• Kino
  • Mapa
  • Ogłoszenia
  • Forum
  • Komunikacja
  • Raport

Naturalne futro to luksus czy barbarzyństwo?

Marta Nicgorska
23 stycznia 2013 (artykuł sprzed 11 lat) 
Wbrew oczekiwaniom ekologów okrycia z naturalnych skór i futer nie zniknęły ze światowych wybiegów, a pracowniom kuśnierskim klientów nie ubywa.
Wbrew oczekiwaniom ekologów okrycia z naturalnych skór i futer nie zniknęły ze światowych wybiegów, a pracowniom kuśnierskim klientów nie ubywa.
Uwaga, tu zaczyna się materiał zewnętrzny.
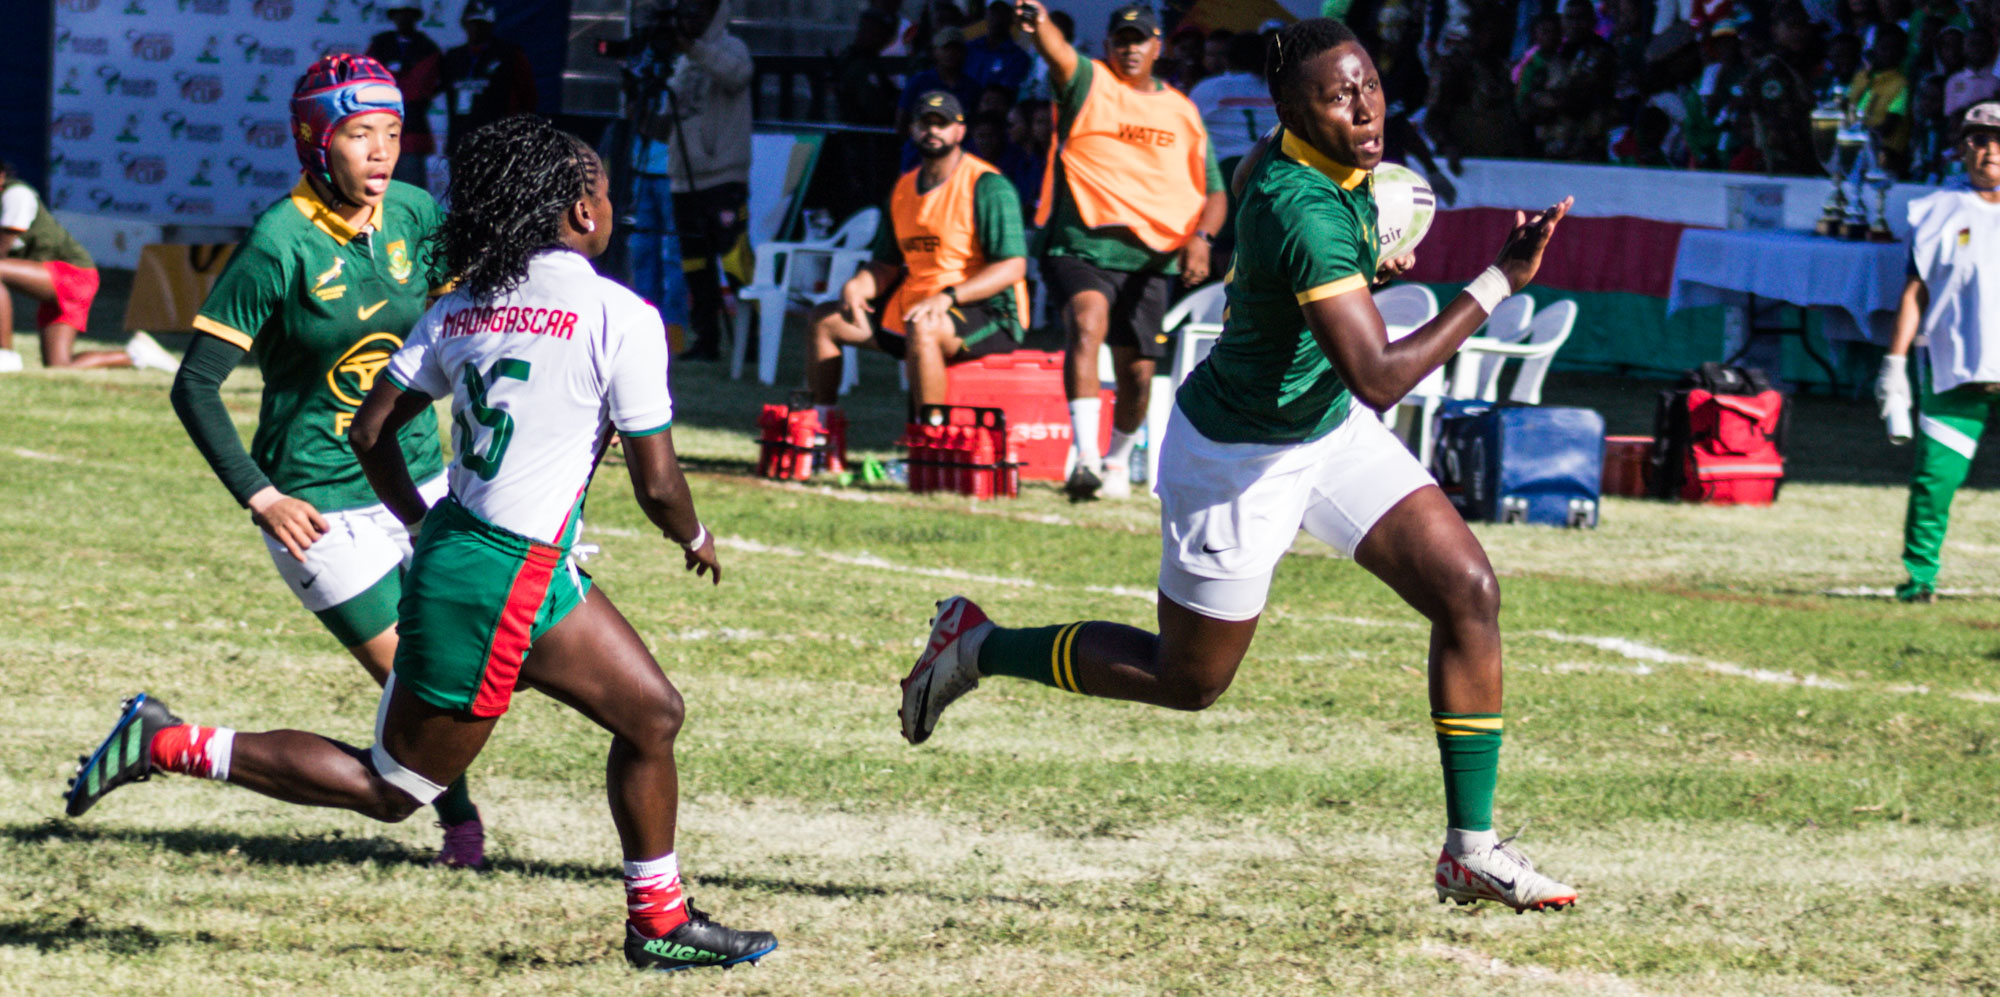 Sikholiwe Mdletshe again scored two tries for South Africa.

Luksusowe, snobistyczne, niepoprawne politycznie, ale wciąż modne! Norki, lisy, króliki, jenoty - naturalne futra od kilku sezonów znajdują się w zimowych kolekcjach największych projektantów mody. Mimo dostępności okryć ekologicznych, nie znikają z wybiegów. Dlaczego projektanci nie słuchają obrońców zwierząt?



Zimowa aura to doskonały czas, aby zaopatrzyć się w ciepłe, ale przede wszystkim modne okrycie. Połączenie szyku i elegancji z gwarancją skutecznej ochrony przed mrozem zapewniają naturalne futra - dla jednych symbol luksusu, dla innych snobizmu i przejaw barbarzyństwa. Są tacy, którzy kupują i noszą naturalne futra z próżności, i tacy, którzy ulegają wpływom mody. Jedno jest pewne: wbrew oczekiwaniom ekologów okrycia z naturalnych skór i futer nie zniknęły ze światowych wybiegów.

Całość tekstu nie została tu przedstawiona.